BY Laura Hillenbrand

It is an honor to publish my daughter’s very sensitive reflections
on her days at Kenyon College where she contacted
Chronic Fatigue Syndrome which has been a constant misery.

I lost Kenyon in a driving rainstorm in the spring of 1987. I was nineteen, seriously ill and frightened. That morning I signed the forms that officially withdrew me from school, hugged my best friend Lincoln goodbye, climbed into a battered Toyota and pulled out, bound for hospitals and tests and suffering beyond comprehension. I watched Linc recede in the rearview mirror until the rain washed him from view.

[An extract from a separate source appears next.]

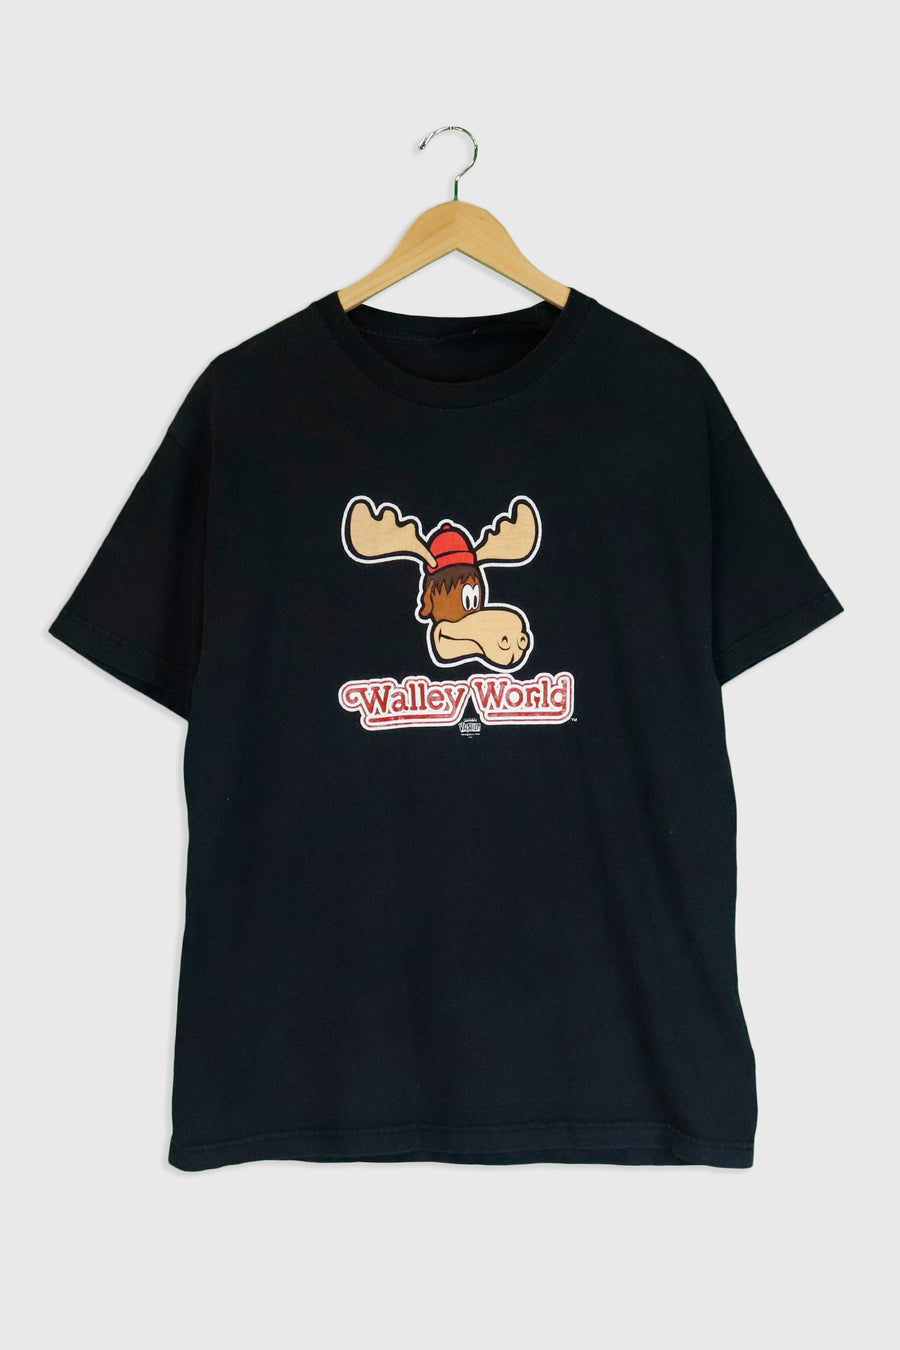 Vintage Walley World Vacation Moose T Shirt Sz M

I drove through campus, looking at everything for the last time. A memory hung on each windowsill, each flight of steps, each lean of the road. I pulled past the mottled tree where Linc pulled me close in the darkness and told me his most guarded secret. Past Caples, where a guy I knew named John built a massive cardboard airplane, launched if off the roof, and cheered it on as it bellied up over the parking lot, then augured in inches short of someone’s front window. Past the quad in front of Norton, where I broke my nose playing football with the guys from Lewis. Past the deli where I sucked down coffee, fretted over osteology and slept over Burke. Past the lawn where I first felt a body folded around mine, lips warm by my ear, a whispered I love you. Past the house where Megan, my English professor, wrote me the letter than made me a writer. Past the dorm where I was told about the ghosts that haunt the campus. Past the bench where I sat and wondered why ghosts came here.

More than a quarter century has passed. I never got well, and never came back. My friends moved on, graduated, scattered to the winds. John, builder of rogue cardboard planes, is dead. The young man who whispered to me in the grass is a corporate executive. Linc is ushering his sons and daughter through the world. Some of my friends have vanished. The rest are tending mortgages and children, thinning hair, thickening waists. Life is better and worse, simpler and more complicated, and the people we used to be slip further and further from reach, becoming ethereal. Becoming ghosts.

Sometimes, in my mind, I go back to Kenyon and live in my former self, nineteen and exquisitely, irretrievably alive. I draw my old friends around me, just as they were, and drift through all the places where my memories gather. I see others there, animating their own lost selves.

I glide down Middle Path with the other ghosts, understanding now why they come.